Андрей Николаевич сам тоже с Иваном договаривался. Иван – замечательный режиссер. Мне нравится следить за его развитием, за спектаклями, которые он делает. Мы договорились, что он будет ставить «Чевенгур». Как сказал Иван: «Предложение поставить Платонова – это предложение, от которого нельзя отказаться».

– Получается, что теперь будут ставить главный режиссер, очередные режиссеры и режиссеры со стороны?

И лаборатории еще. У Андрея Николаевича есть хорошая позиция — приглашать людей и работать с новыми режиссерами нужно через лаборатории. То есть сначала мы смотрим, как человек взаимодействует с артистами, какие идеи предлагает через эскизы. Тогда мы понимаем, можем ли работать с этим режиссером дальше. Мне кажется, это правильная позиция, поэтому иногда, когда ты сразу предлагаешь человеку контракт и он делает спектакль, бывает, это оказывается не совсем то, что ты хотел.

Давайте понимать, что очередной режиссер – это не только человек, который ставит спектакли. Он занимается тем, чтобы вспоминались спектакли, идущий репертуар, восстановлением спектаклей, организационной работой, может заниматься сайт-проектами: читками, лекциями. Школа сценических искусств – это тоже проект, который вел у нас очередной режиссер – Алексей Александрович, кстати. Бывает, что очередной режиссер не поставит ни одного спектакля за год, но бывает, что он поставит и два, а может, и три. Это вопрос о том, что работа режиссера – не только ставить спектакли в театре. И это как раз та часть, водораздел, где есть люди, которым интересно связать себя с большой махиной – театром и быть его частью. Часть корабля, часть команды. А есть те, кто хотят быть свободными художниками и творить.

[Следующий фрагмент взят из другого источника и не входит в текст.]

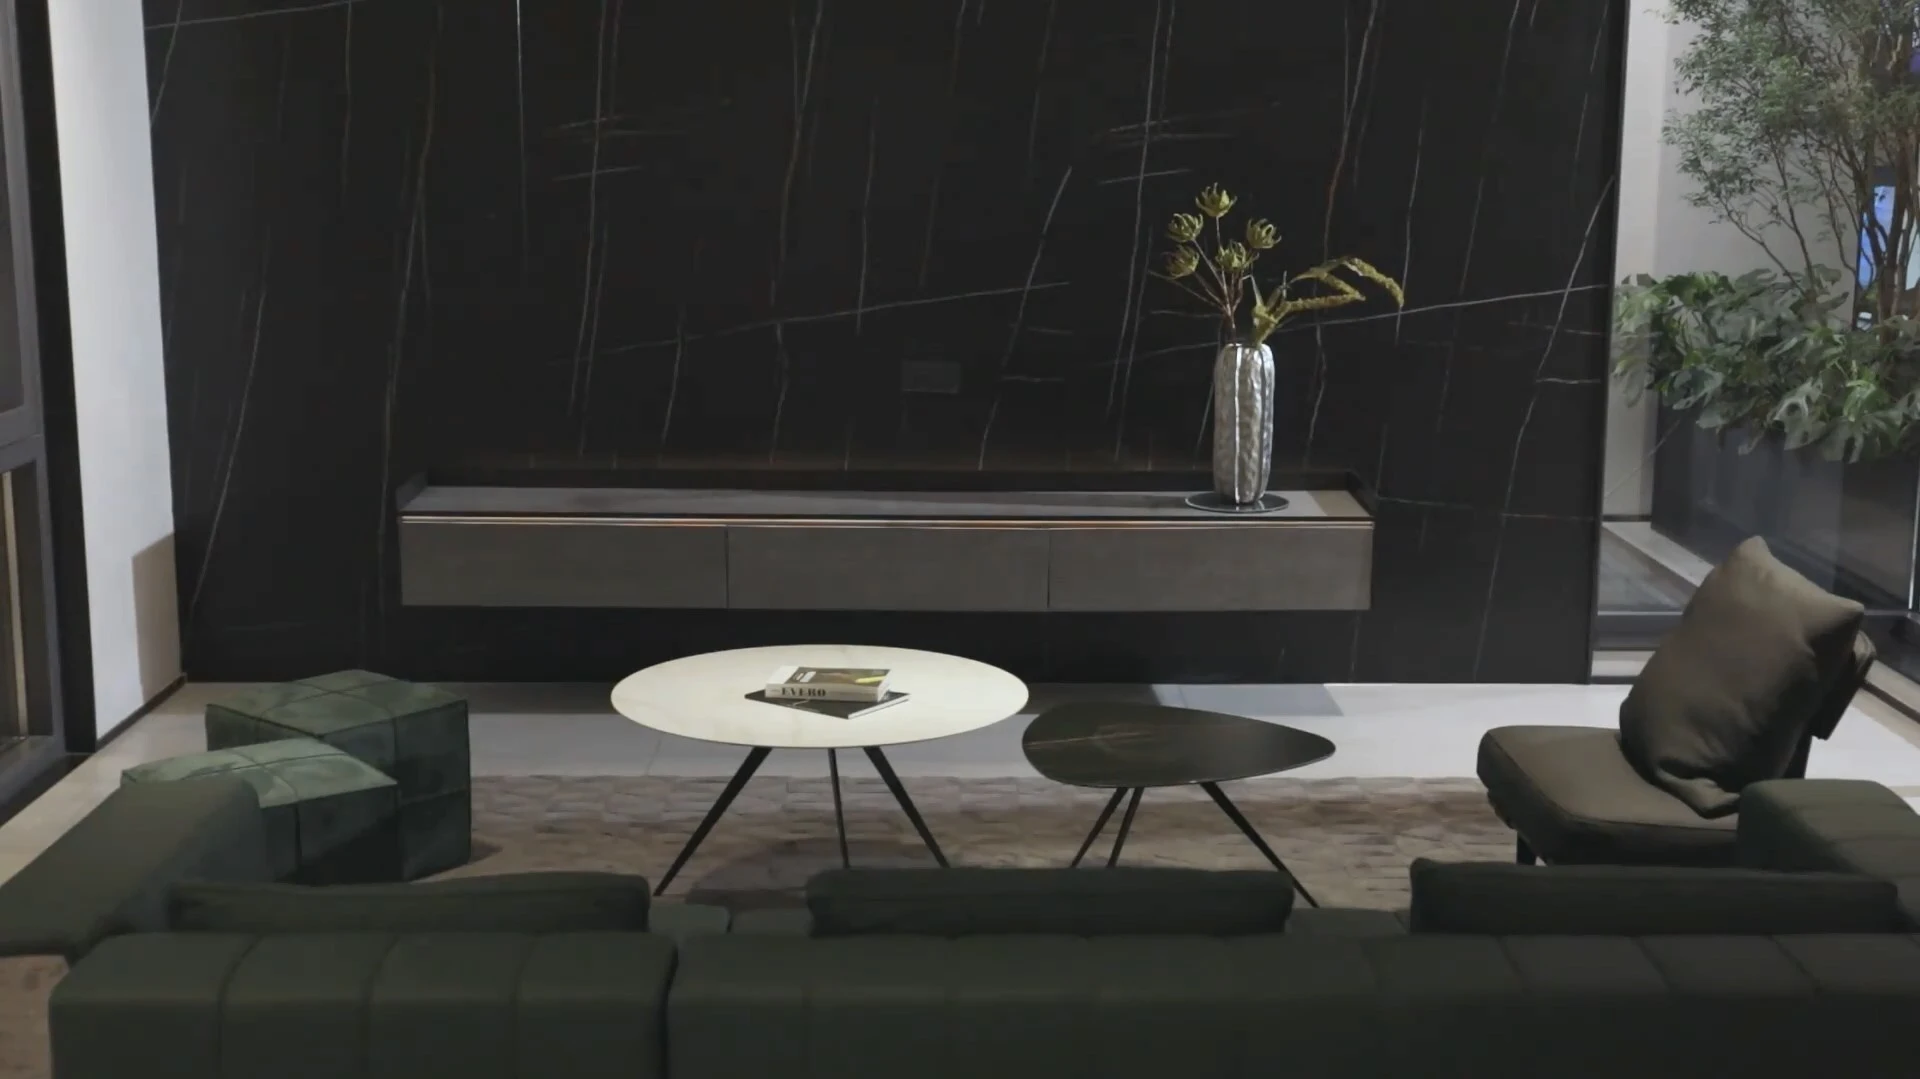 BK CIANDRE Очаровательный керамический стол для вашего дома [Мраморный керамический стол]
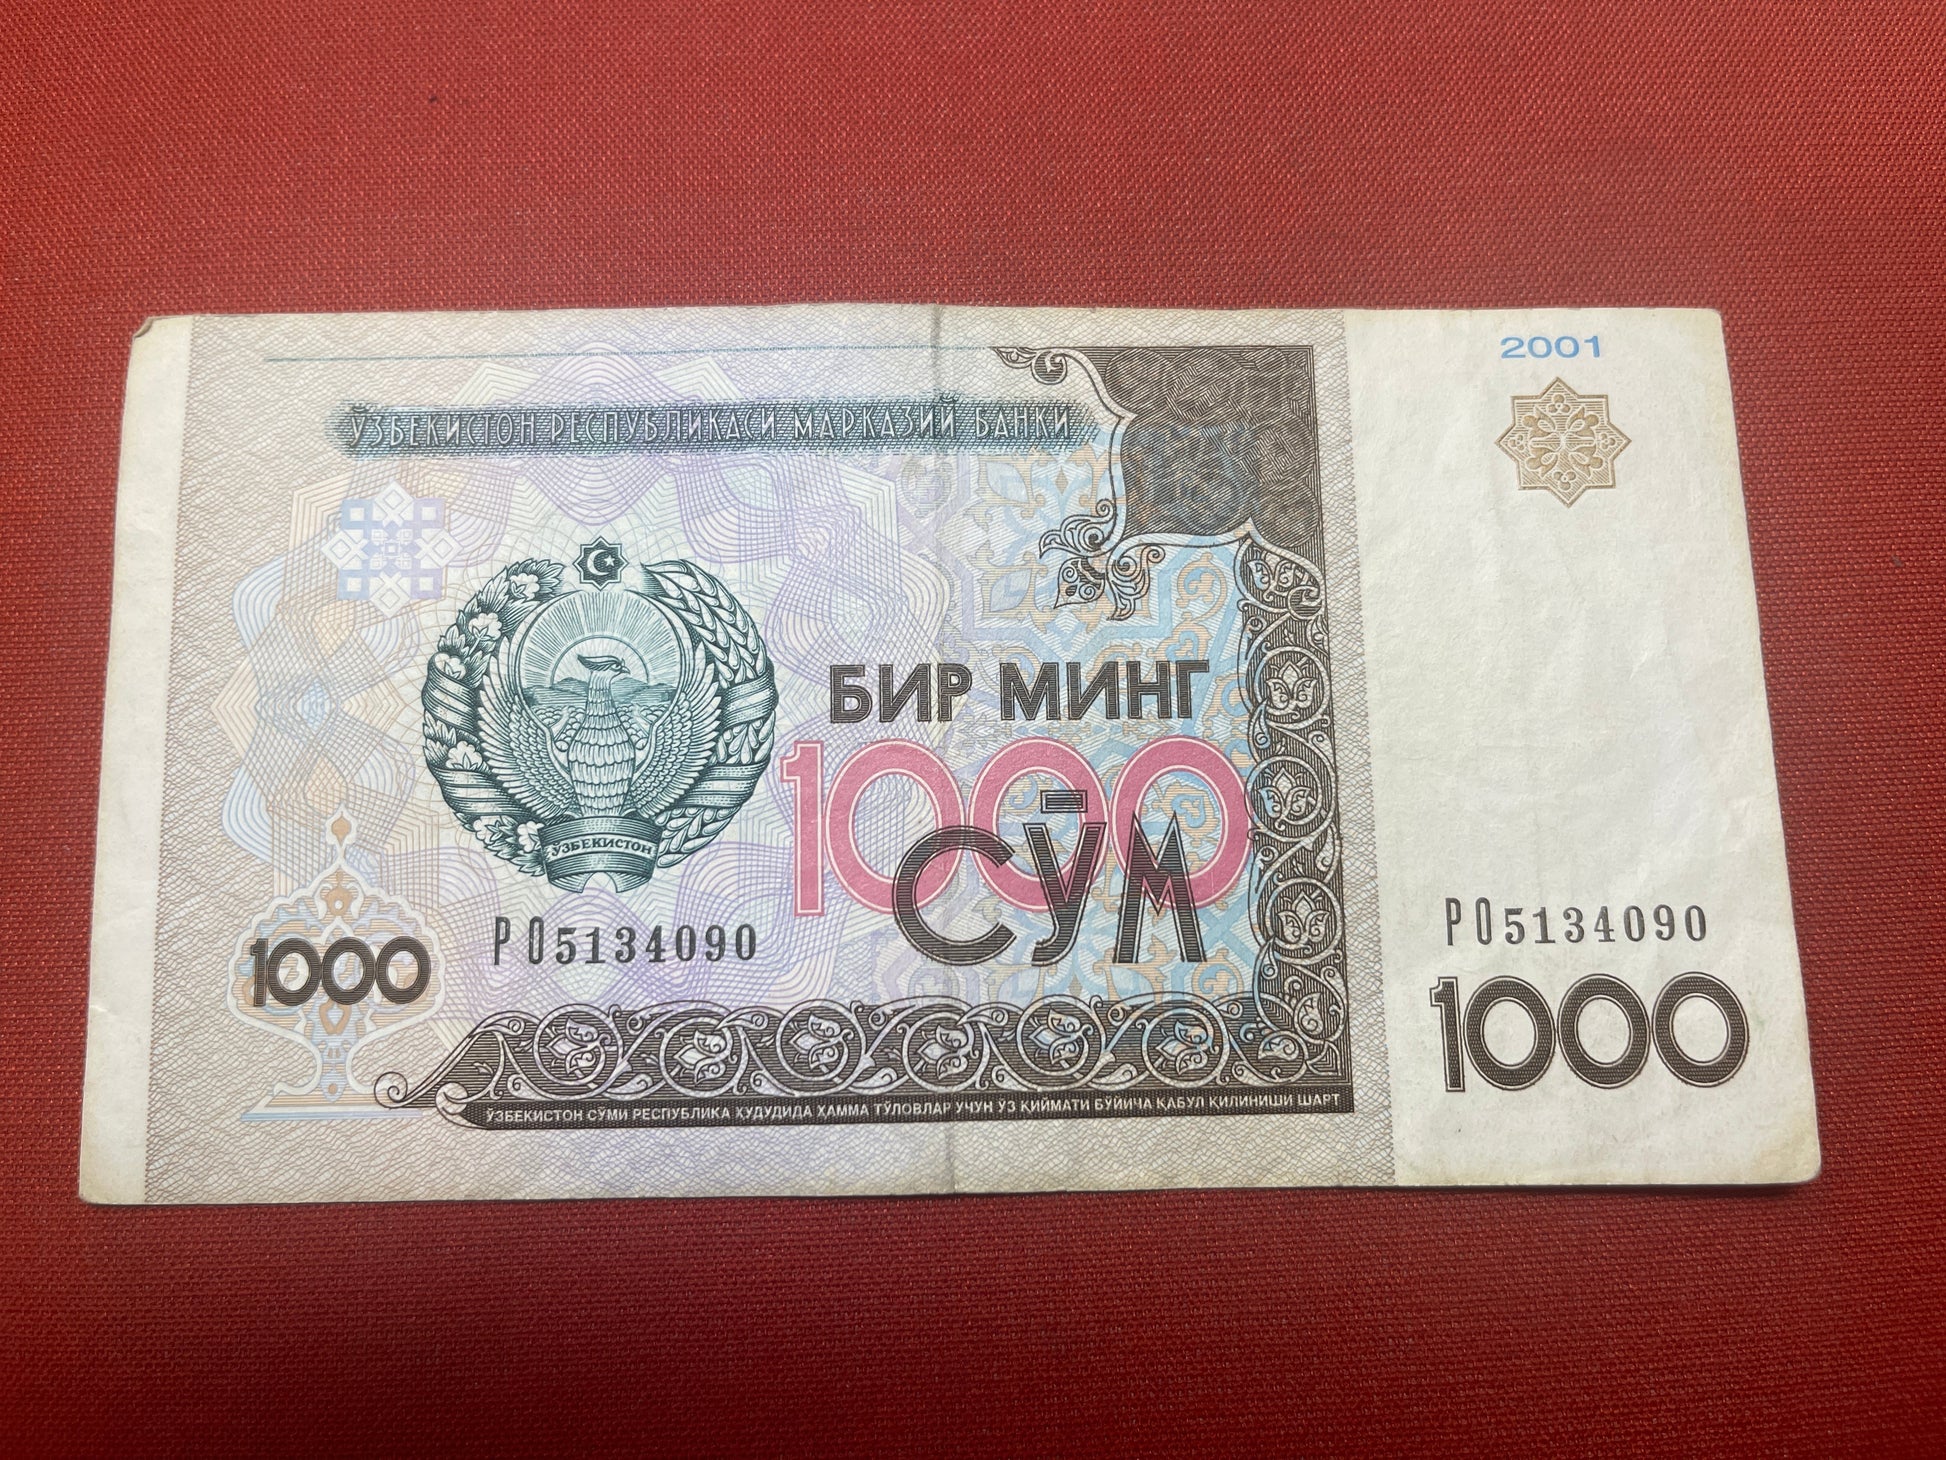  Central Bank of Uzbekistan 1000 So'm 6120192

Они рады ездить по разным театрам, сотрудничать с разными коллективами.

– Как вы считаете, Архангельский театр драмы – режиссерский или директорский театр?

Я считаю, что сейчас он точно не режиссерский театр в чистом виде и точно не директорский . С точки зрения художественной политики – конечно, он как режиссерский театр. У нас по сути дела Андрей Николаевич – художественный руководитель.

С точки зрения каких-то других решений он вроде как даже директорский. При этом я не являюсь таким директором, который навязывает свои спектакли, пытается забраться на территорию главного режиссера и сказать ему, с какими артистами работать, а с какими нет, с кем продлить контракт, а с кем нет. В этом случае я думаю, что у нас правильный симбиоз, тандем. 

Театр — это объединение, когда люди смотрят в одну сторону, не наступают друг другу на пятки: когда люди не пытаются как слоны в посудной лавке за какую-то территорию драться. Это наша единая территория, общая.

– Какими пятью словами вы можете охарактеризовать театр драмы? В плане творчества и внутреннего состояния.

Это территория свободы, любви, комфорта, это театр людей. Еще это театр активного действия, активного развития. Это можно назвать динамикой, мы сейчас в активном движении. Каждый спектакль мы не только работаем над каким-то материалом и делаем премьеру, но еще и какие-то навыки у артистов развиваем.

Артист сейчас больше не подвержен какому-то амплуа, а должен быть синтетическим. Ему требуются и танцы, и пластика, и пение, и драматическое искусство, а, может быть, еще и игра на музыкальном инструменте, знание иностранного языка или, по крайней мере, быстрая обучаемость игре на музыкальном инструменте и знанию языка. Поэтому каждый спектакль – это еще и способ развить самих людей, развить их таланты и навыки.